Here’s something shocking – Morrissey’s new album suffers from being insufficiently self-indulgent. Yes, on the maladjusted Mancunian’s first album in five years he doesn’t even have the decency to parody himself, as he has for most of the past 10 years.
The problem with World Peace is None of Your Business, other than its lack of either wit or pathos, is Mozzer’s concentration on matters external to himself. For a man whose music once seemed so personal and, by connection, so intrinsically British, the so-called pope of mope has become bizarrely obsessed with name-checking as many cities and countries as possible – from Istanbul to Brazil. On a handful of songs, the planet as a whole is his subject.
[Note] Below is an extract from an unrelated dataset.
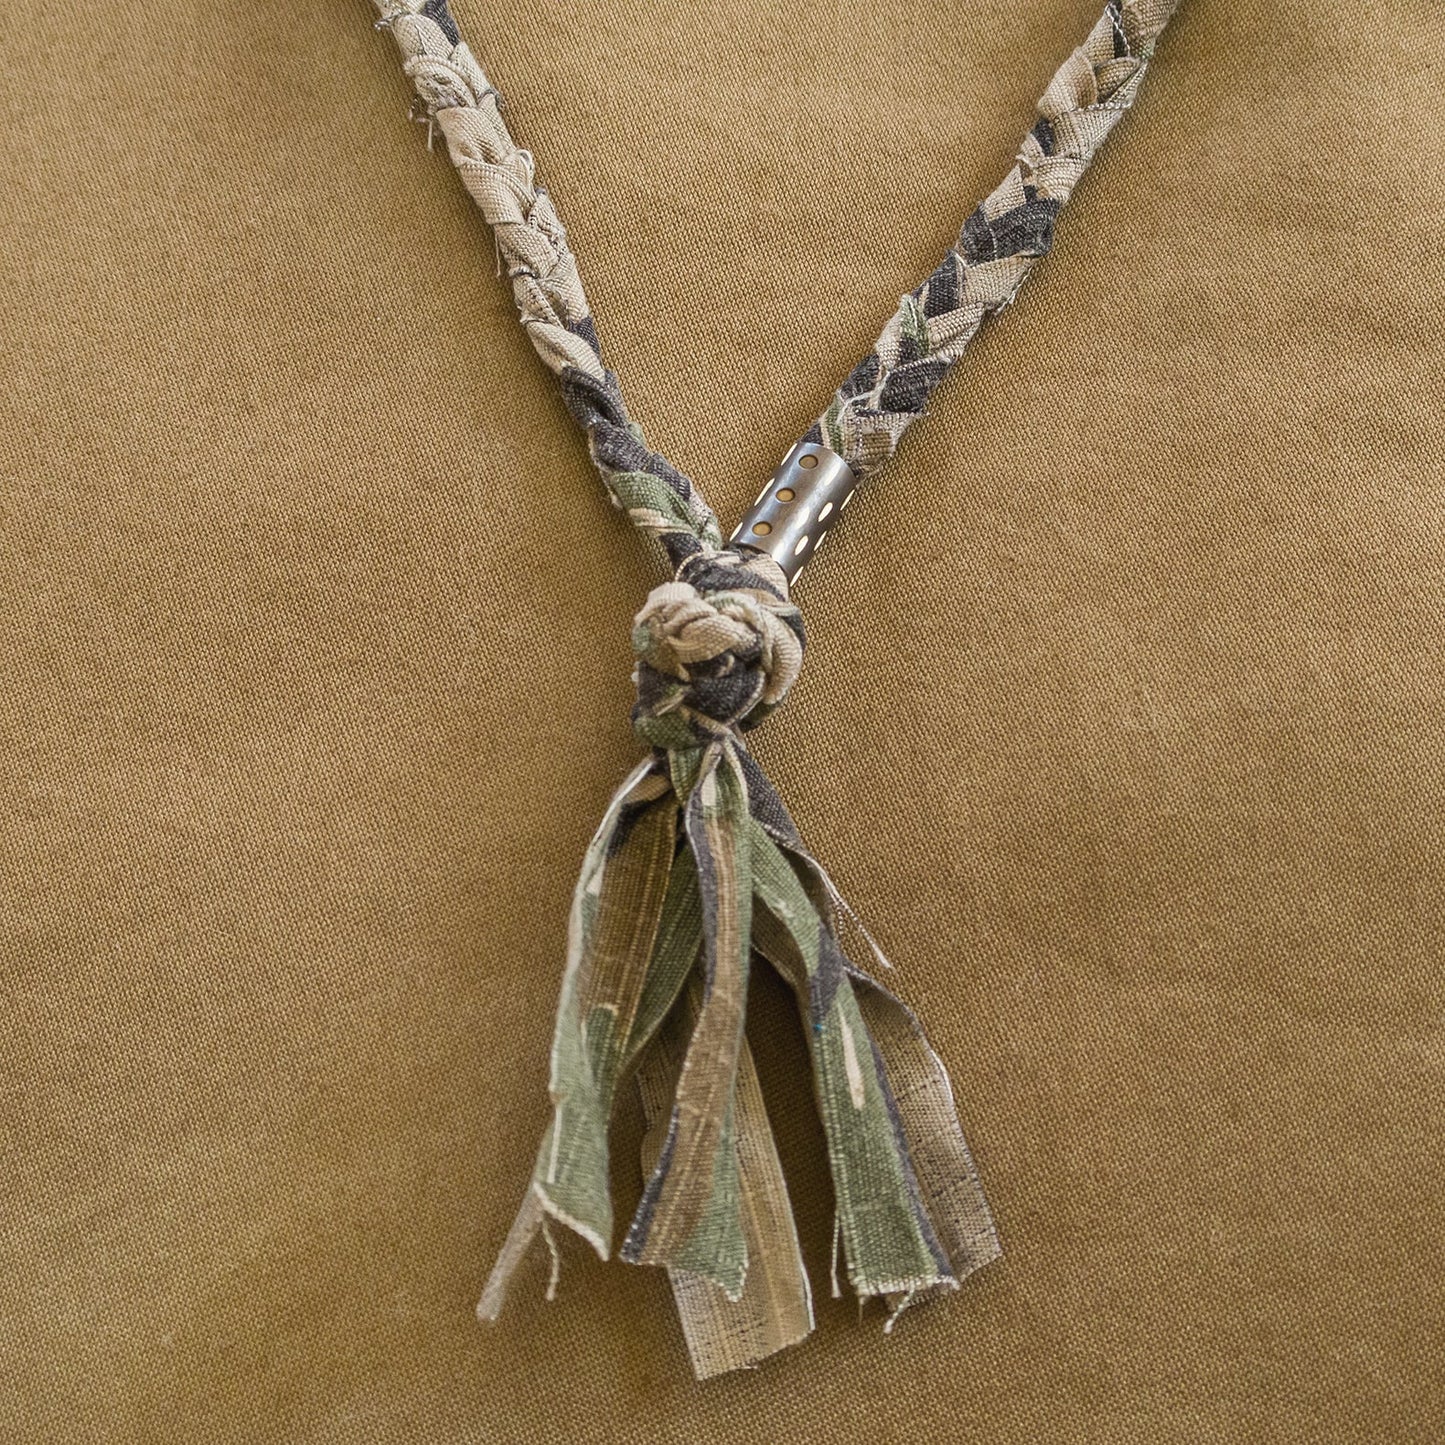 Borali - Necto braided necklace BCD-GR201 (Damaged)

Rather than offering kitchen-sink realism or mournful reflections on his own mental state, he adopts the role of an omniscient narrator, looking down on all the poor souls of the world in one boorish sweep. Maybe after penning his infamous Autobiography last year he’s sick of writing about number one. However, it seems nearer to the truth that he’s sick of writing itself – the songs rarely extend in scope beyond their title. For example, in ‘The Bullfighter Dies’, the titular event occurs, he reels off the names of six Spanish cities, he croons ‘nobody cries because we want the bull to survive’ a few times… and that’s it. The insightful details and the well-chosen phrases that made his writing so special are nowhere to be seen.
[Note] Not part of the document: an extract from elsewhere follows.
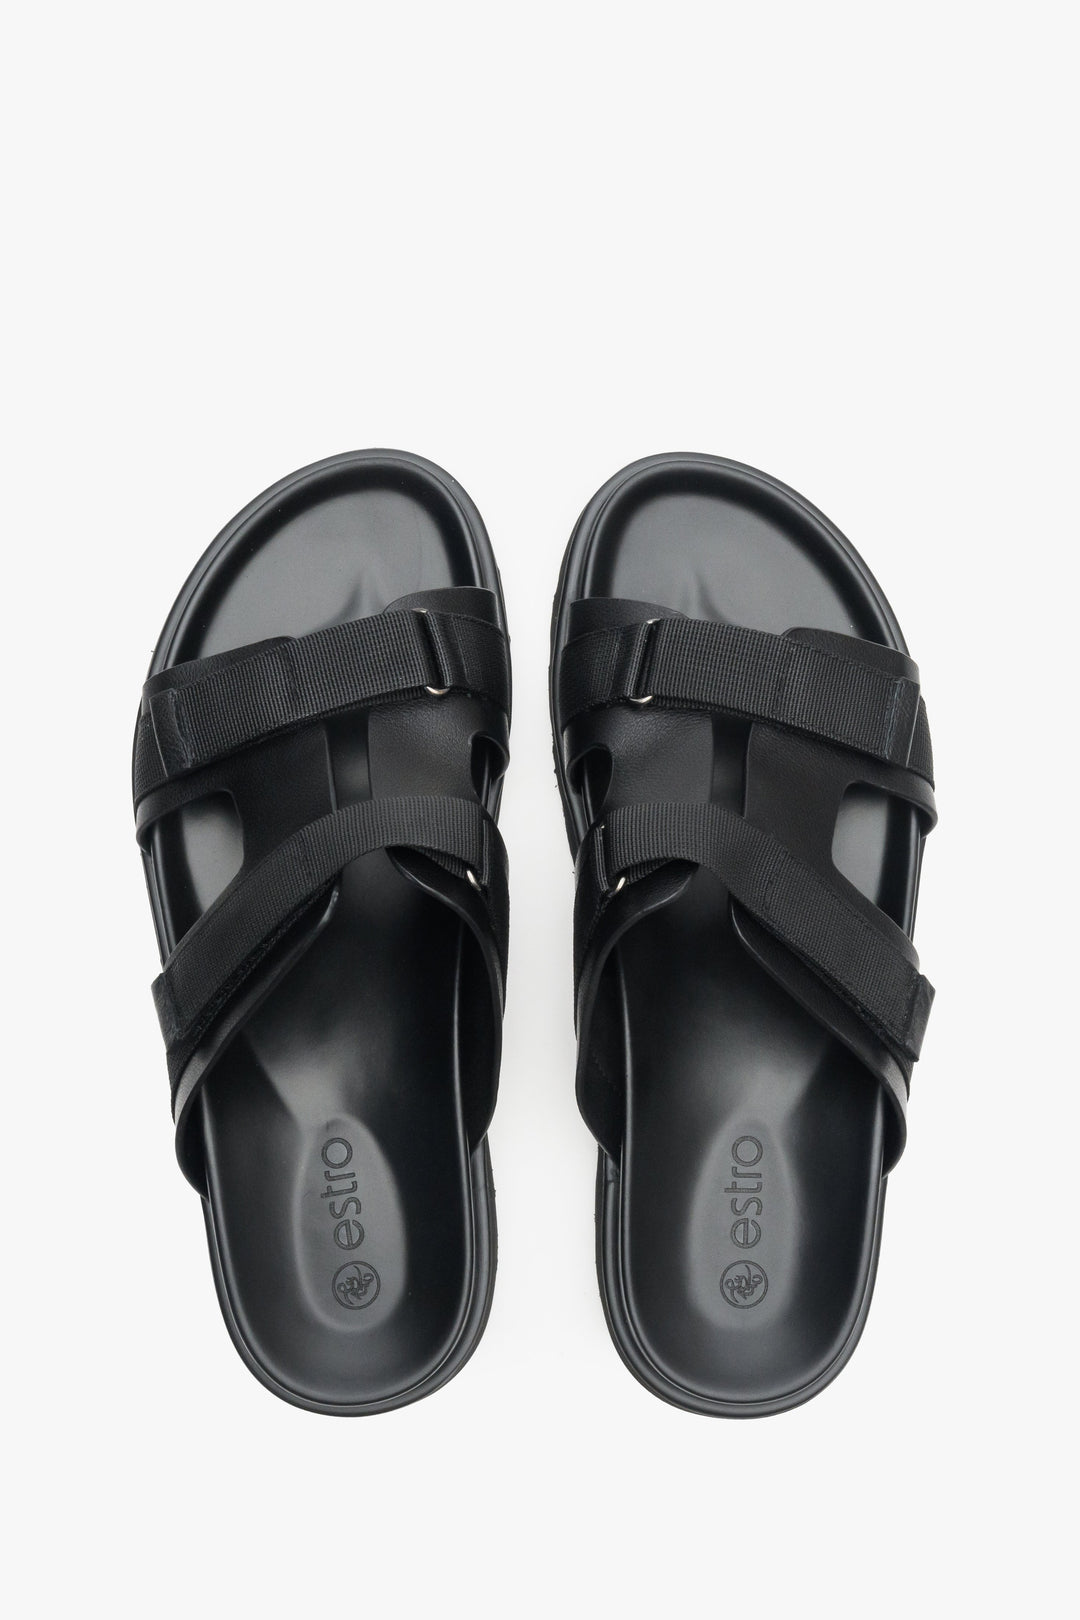 Men's black leather sandals by Estro - top view model presentation.

To take a pause from slagging off the lyrics, the music deserves to be declared abysmal, and then instantly forgotten. In fact, the music is so dire that Morrissey chose to promote the album with videos of him performing spoken-word versions of some of the songs. Yes – music videos without any music! Boston-based producer Joe Chiccarelli is behind the album’s abhorrent production. In a pathetic attempt to give some variety to Morrissey’s typical guitar-rock, he plonks long chunks of ‘found sound’ on to the beginning of many of the tracks. And I don’t mean 10 seconds of ‘Take Me Back to Dear Old Blighty’ – one track’s introduction consists of a minute-and-a-half of glass harmonica solo.
In Morrissey’s pretentious attempt to report on tragi-comic incidents on a global scale, he has created an album that seldom gives away the persona that once seemed so open and sensitive. The sage of Salford has become as emotive as a satnav.